主イェスはオリブ山へ行く途中、弟子たちに向かって、彼らの裏切りを予告して、「今夜、あなたがたは皆わたしにつまずく」と言われました。間もなく弟子たちは主イェスを見捨てて八方に散らされ、逃げて行くと言うのです。誰かが羊飼いを打つと、羊は四方八方へと散らされてしまいます。主イェスが十字架によって打たれるとき、弟子たちは皆離散して行くと主が予告すると、弟子たちは「わたしたちは決してそのようなことをしません」と否定しました。ペトロなどは、「たとえ、みんながあなたにつまずいても、わたしは決してつまずきません」と断言しました。頼もしい決意表明です。これに対して主イェスは静かに「はっきり言っておく。あなたは今夜、鶏が鳴く前に、三度わたしのことを知らないと言うだろう。」と警告されます。それでもペトロは「たとえ、ご一緒に死なねばならなくなっても、あなたのことを知らないなどとは決して申しません」と自信を仄めかします(マタイ26:33)。

しかし、このような絶対の自信にこそつまずく必要があるのです。この場合つまずくとは、砕かれるという意味を同時に持っているのです。つまずき、砕かれて自分の不確かさに目覚めて初めて人は真に救われるのです。私たちの信仰は人間の努力で積み上げて行くものではなく、私たちの思い上がった罪のために死んで下さった主イェスの恵みに対する応答でなければならないのです。
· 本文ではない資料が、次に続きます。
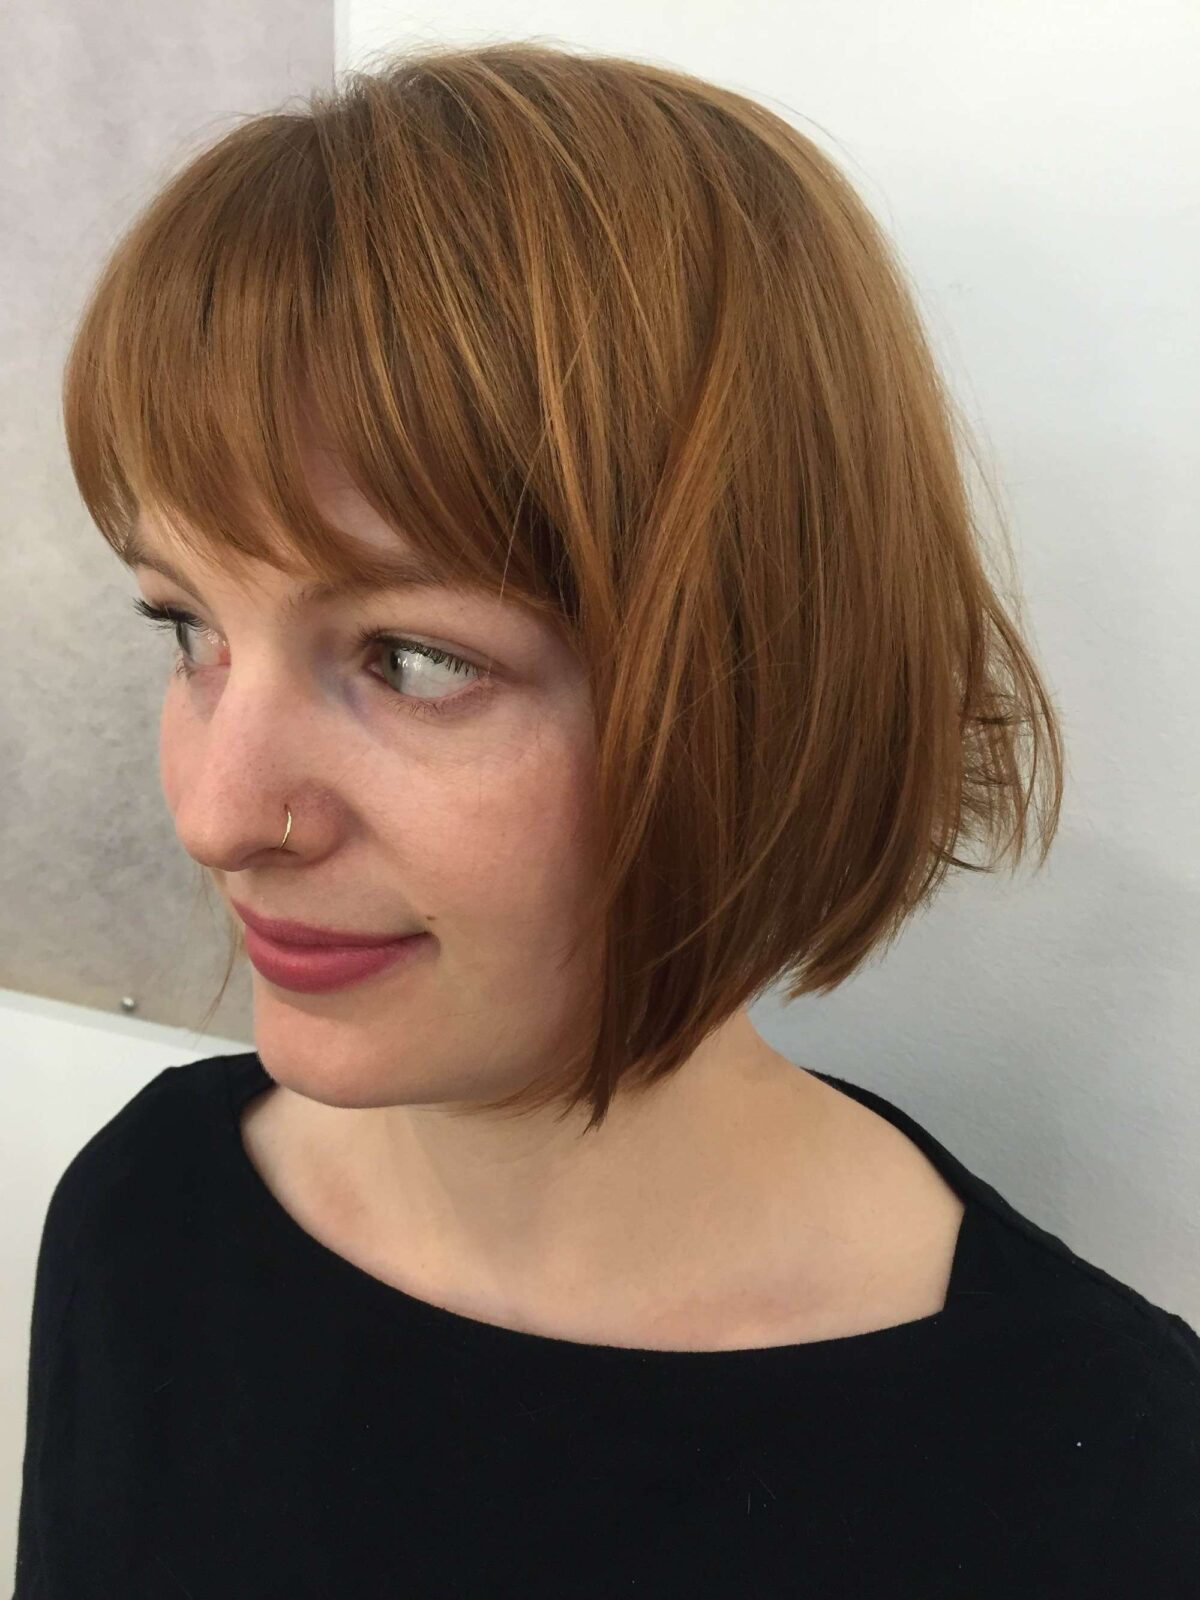 4 Things to Know About Cutting Your Red Hair Short

「鶏が鳴く前に」と主イェスは言われます。これは一番鶏の鳴く前にと言う意味です。カレンダーの日付が変わったと言っても、まだまだ世間は暗い時刻です。私たちの心もまた暗黒に包まれ、どこをどう進めばよいか分からない時があります。自分のことしか見えなくなり、心ならずも友や親兄弟を裏切ることがあります。いや、私たちは愛する主イェスをさえ裏切ってしまうのです。しかし、一番鶏が鳴く時刻は暗闇でも、やがて間もなく、初更を迎える時が迫っています。主イェスは、主を裏切ってしまうような弱い私たちの罪を贖うために十字架に勝利して下さったのです。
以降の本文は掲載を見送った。